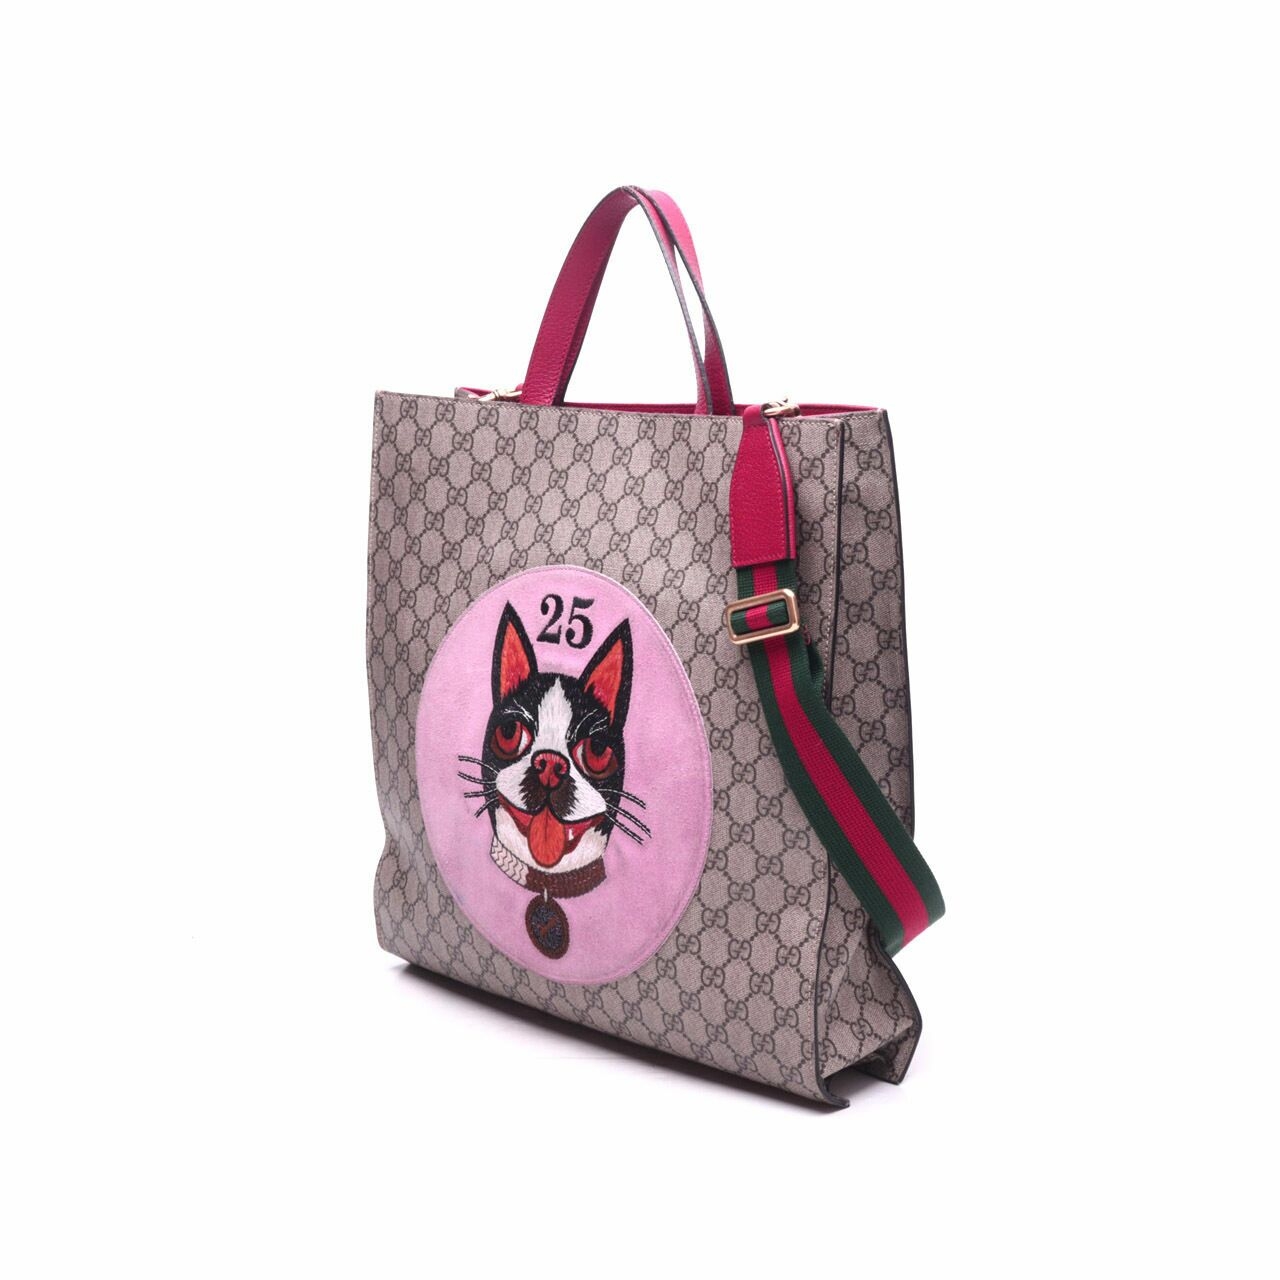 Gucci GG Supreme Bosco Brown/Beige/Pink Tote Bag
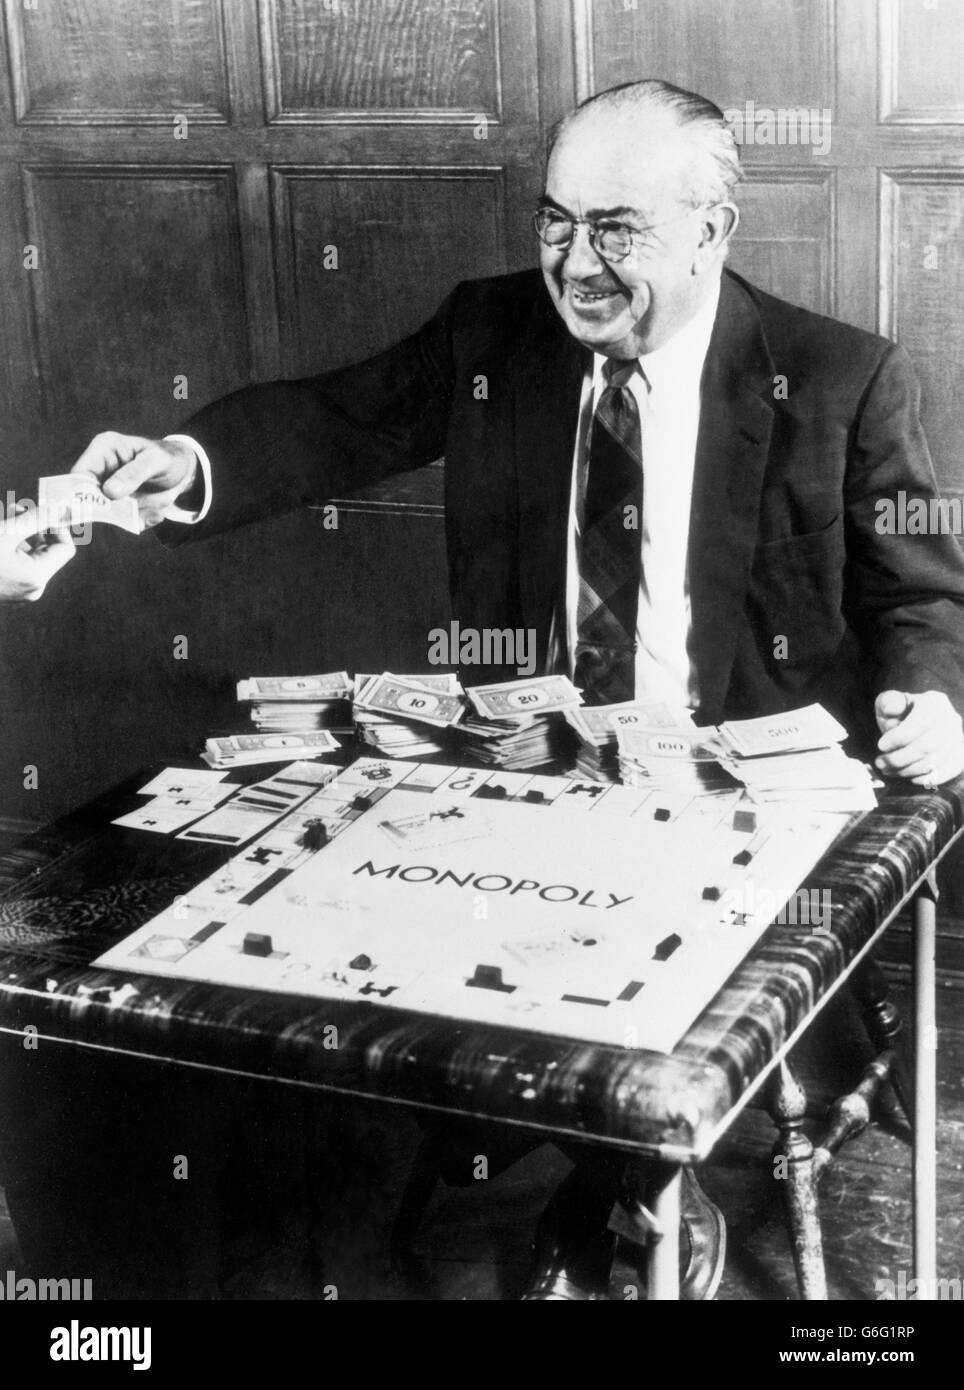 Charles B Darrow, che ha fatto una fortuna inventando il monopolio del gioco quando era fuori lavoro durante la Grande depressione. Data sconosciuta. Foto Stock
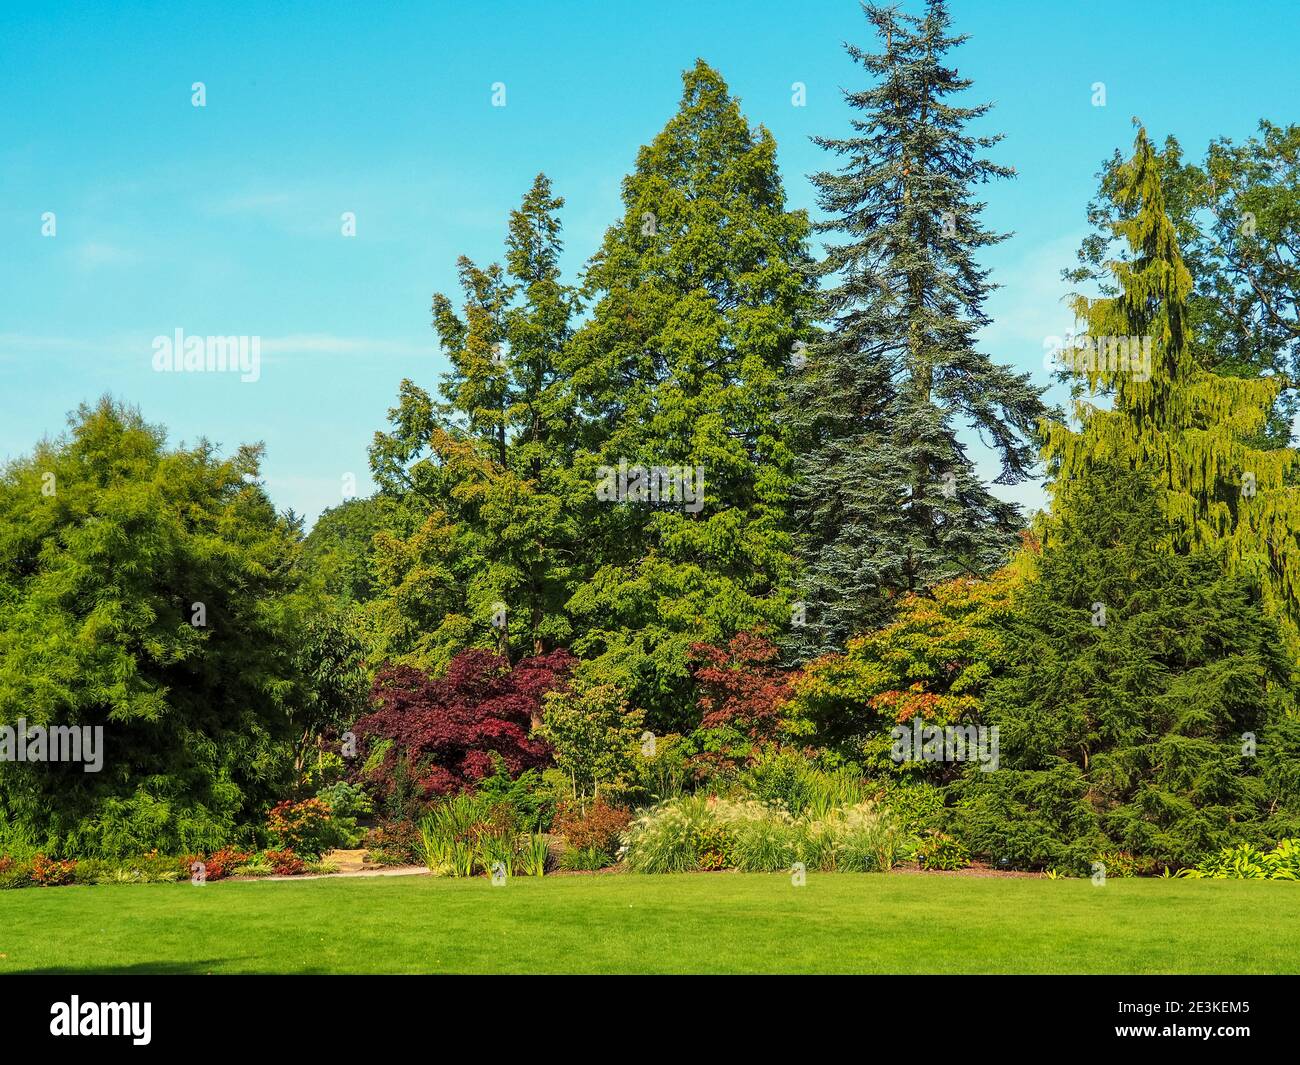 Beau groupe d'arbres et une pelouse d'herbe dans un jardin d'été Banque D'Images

▸ EXERCISE REQUIREMENTS
Only an exact copy is wanted: the lines from the opening of the material through the line that has "Charles B Darrow, che", minus any pictures.

▸ WRITTEN REPLY
 Gucci GG Supreme Bosco Brown/Beige/Pink Tote Bag
 Charles B Darrow, che ha fatto una fortuna inventando il monopolio del gioco quando era fuori lavoro durante la Grande depressione. Data sconosciuta. Foto Stock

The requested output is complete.